Portuguese charter airline Hi Fly flew 12,338 kilometers in 16 hours with the Airbus A340-300 between Montevideo, the capital of Uruguay, and Melbourne, Australia, and broke the A340`s longest flight record. 128 of the 217 passengers in the record flight were Corona positive.

The funding request of South African Airways (SAA) at an amount of RB 10 billion was rejected at the beginning of the month and SAA announced that it had to liquidate most of its assets for debts and severance payments. The company, which has taken action to terminate the contracts of all its employees by the end of the month, is expected to go bankrupt.

Emirates announced that scheduled flights would not resume until the beginning of July.

Norwegian Air announced that 4,700 pilots and crew members were laid off and its Swedish and Danish subsidiaries filed for bankruptcy. 

Airbus and Boeing take position for the crisis

Airbus management announced some measures to support its financial position in the light of the economic difficulties caused by the global outbreak on March 23. The measures included a loan mechanism of 15 billion Euros ($ 16.1 billion), the withdrawal of the 2019 dividend offer and the suspension of pension funds. Airbus has also announced that the previously set targets for 2020 will be revised. Production continues partially due to the fact that personnel have to maintain social distance and work programs have been loosened in all Airbus plants in France and Spain.

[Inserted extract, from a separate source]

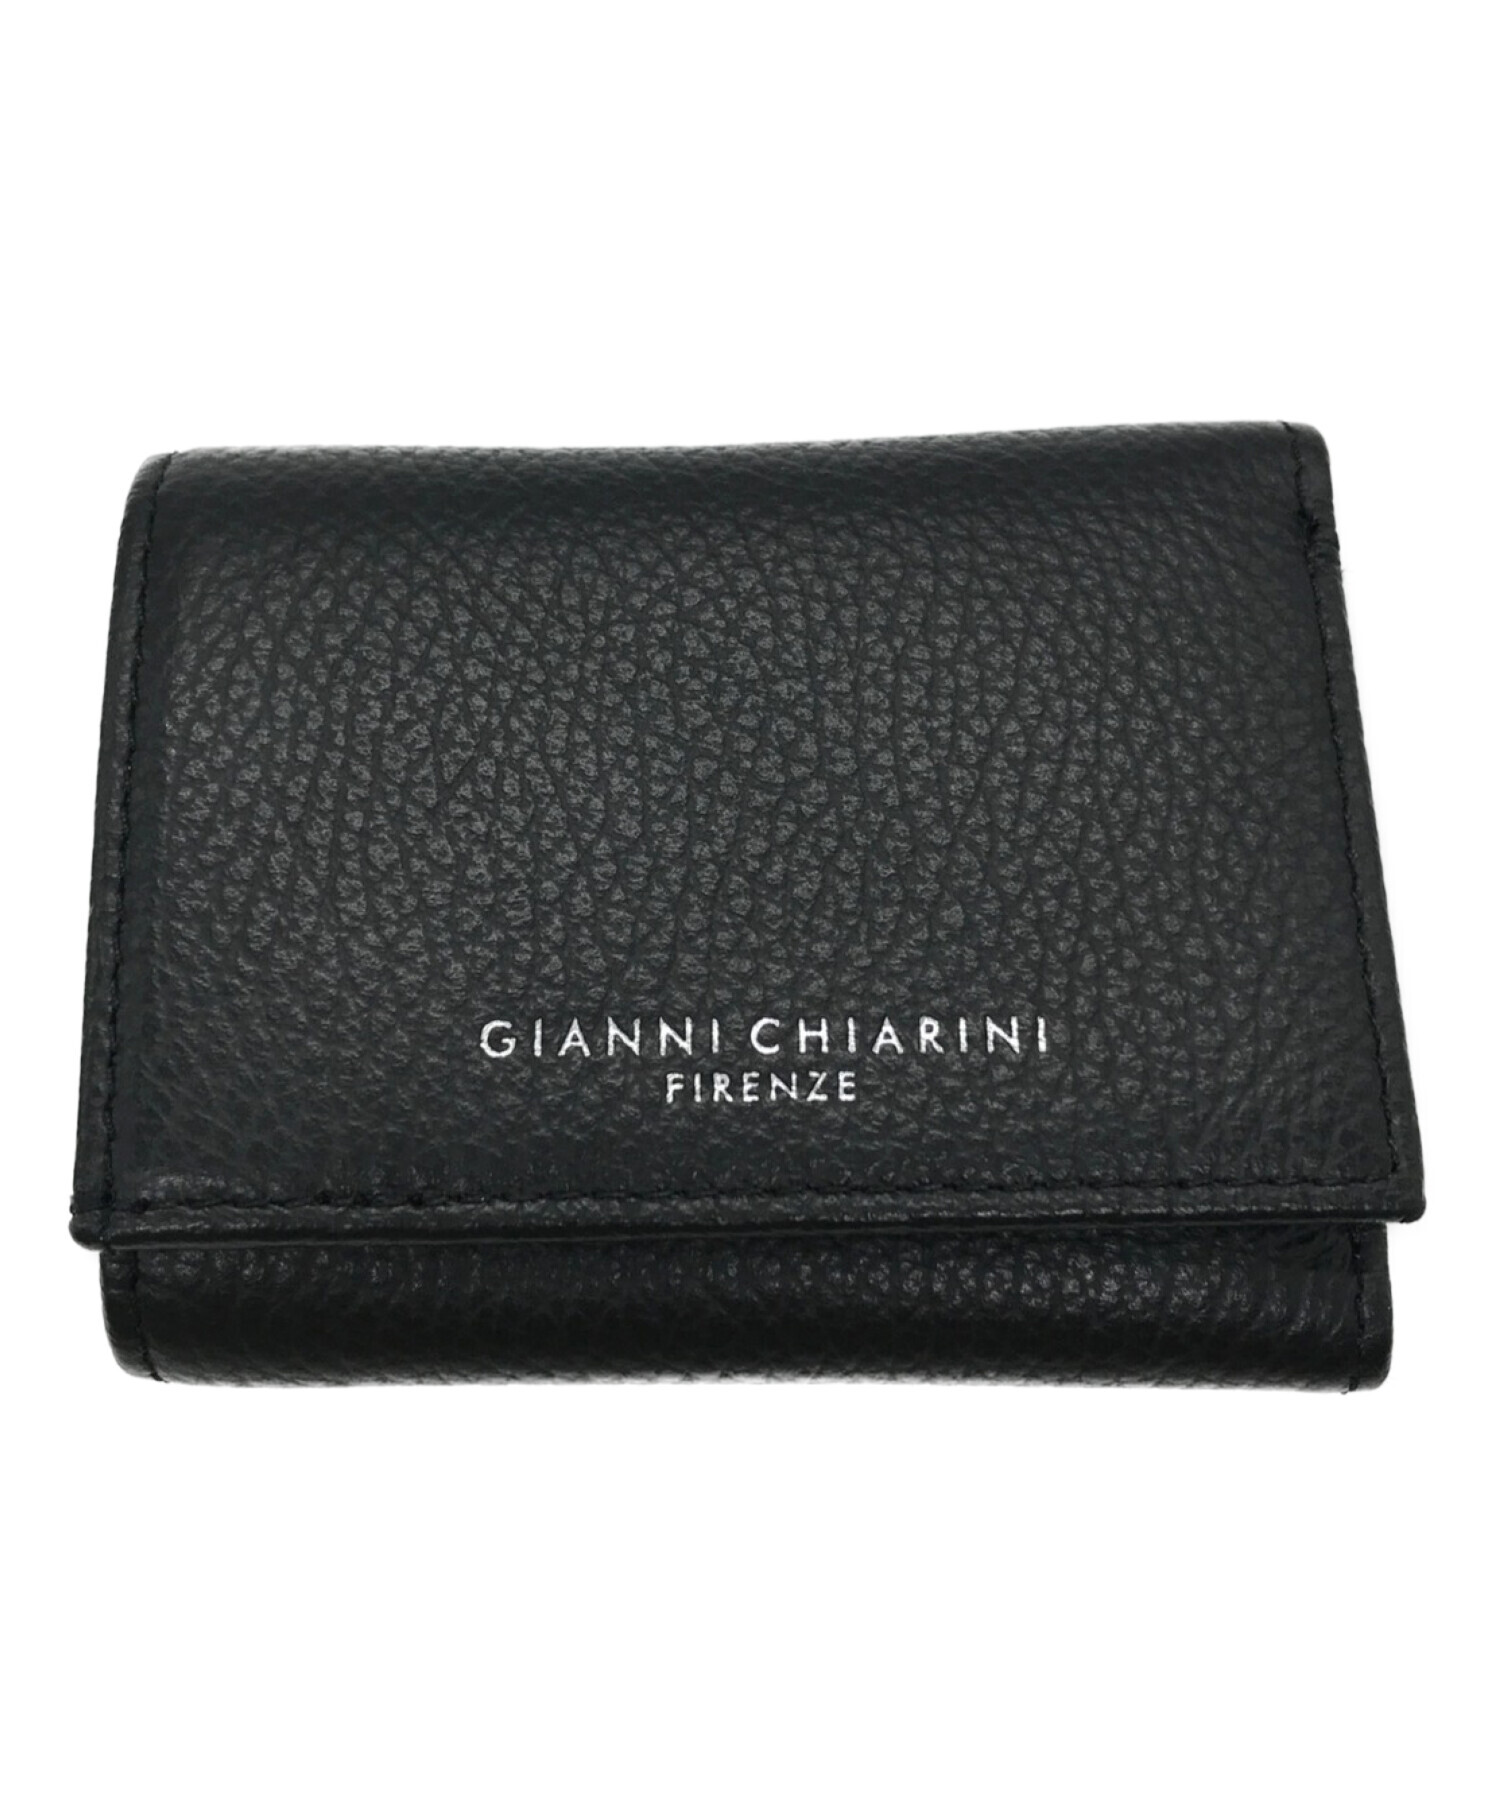 GIANNI CHIARINI (ジャンニキアリーニ) 3つ折り財布 ブラック

American manufacturer Boeing negotiated with the US administration for a $ 60 billion financial aid package to secure itself and its suppliers. A liquidity injection is believed to help the group survive and to keep the supply chain afloat if airline companies delay or cancel aircraft deliveries.

The delay in deliveries of airline orders are occurring because airline companies want to maintain their own cash balance, and this has increased pressure on Boeing, which is already in a deadlock due to the 737 MAX crisis. Boeing also joined the US airlines’ call to Congress and the White House to save themselves. Boeing made a $ 60 billion request from the U.S. government. This was said to be requested in the form of government-backed loans, but it is also said that they want some grants that do not need to be repaid.

Boeing management said that most of this money will be transferred to the supply chain. The commercial aviation industry employs about 536,000 workers in the US. To prevent some small suppliers from having to leave the system, President Donald Trump said, "We have to help Boeing."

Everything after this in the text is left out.